Exercise goal: Exactly and only the lines from the one containing "Street art by" through the close of the entries below are to be set down.

Records from a dataset:
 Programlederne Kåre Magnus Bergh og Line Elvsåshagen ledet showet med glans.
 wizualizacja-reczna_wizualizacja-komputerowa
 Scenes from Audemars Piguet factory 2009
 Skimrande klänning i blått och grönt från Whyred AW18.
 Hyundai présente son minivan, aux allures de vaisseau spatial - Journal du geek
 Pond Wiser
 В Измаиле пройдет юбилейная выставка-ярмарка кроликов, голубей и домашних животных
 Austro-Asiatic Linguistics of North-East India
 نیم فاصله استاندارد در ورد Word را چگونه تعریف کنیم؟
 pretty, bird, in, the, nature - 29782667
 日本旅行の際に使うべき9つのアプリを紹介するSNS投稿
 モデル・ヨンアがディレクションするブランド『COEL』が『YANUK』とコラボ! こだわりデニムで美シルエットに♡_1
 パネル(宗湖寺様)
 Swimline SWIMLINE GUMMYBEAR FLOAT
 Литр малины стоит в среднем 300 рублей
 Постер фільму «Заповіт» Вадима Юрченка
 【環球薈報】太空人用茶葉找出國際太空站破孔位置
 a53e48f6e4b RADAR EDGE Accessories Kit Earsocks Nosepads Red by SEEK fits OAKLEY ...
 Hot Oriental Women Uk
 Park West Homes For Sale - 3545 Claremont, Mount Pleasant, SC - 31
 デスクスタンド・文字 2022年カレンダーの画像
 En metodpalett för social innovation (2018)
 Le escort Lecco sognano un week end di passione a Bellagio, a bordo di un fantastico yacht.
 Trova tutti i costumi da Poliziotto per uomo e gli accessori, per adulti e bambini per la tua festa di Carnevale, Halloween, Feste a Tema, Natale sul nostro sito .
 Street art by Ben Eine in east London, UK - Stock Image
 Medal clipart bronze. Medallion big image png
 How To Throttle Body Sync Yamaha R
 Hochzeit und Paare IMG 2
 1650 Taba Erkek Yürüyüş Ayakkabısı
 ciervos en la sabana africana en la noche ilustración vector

Exercise output:
 Street art by Ben Eine in east London, UK - Stock Image
 Medal clipart bronze. Medallion big image png
 How To Throttle Body Sync Yamaha R
 Hochzeit und Paare IMG 2
 1650 Taba Erkek Yürüyüş Ayakkabısı
 ciervos en la sabana africana en la noche ilustración vector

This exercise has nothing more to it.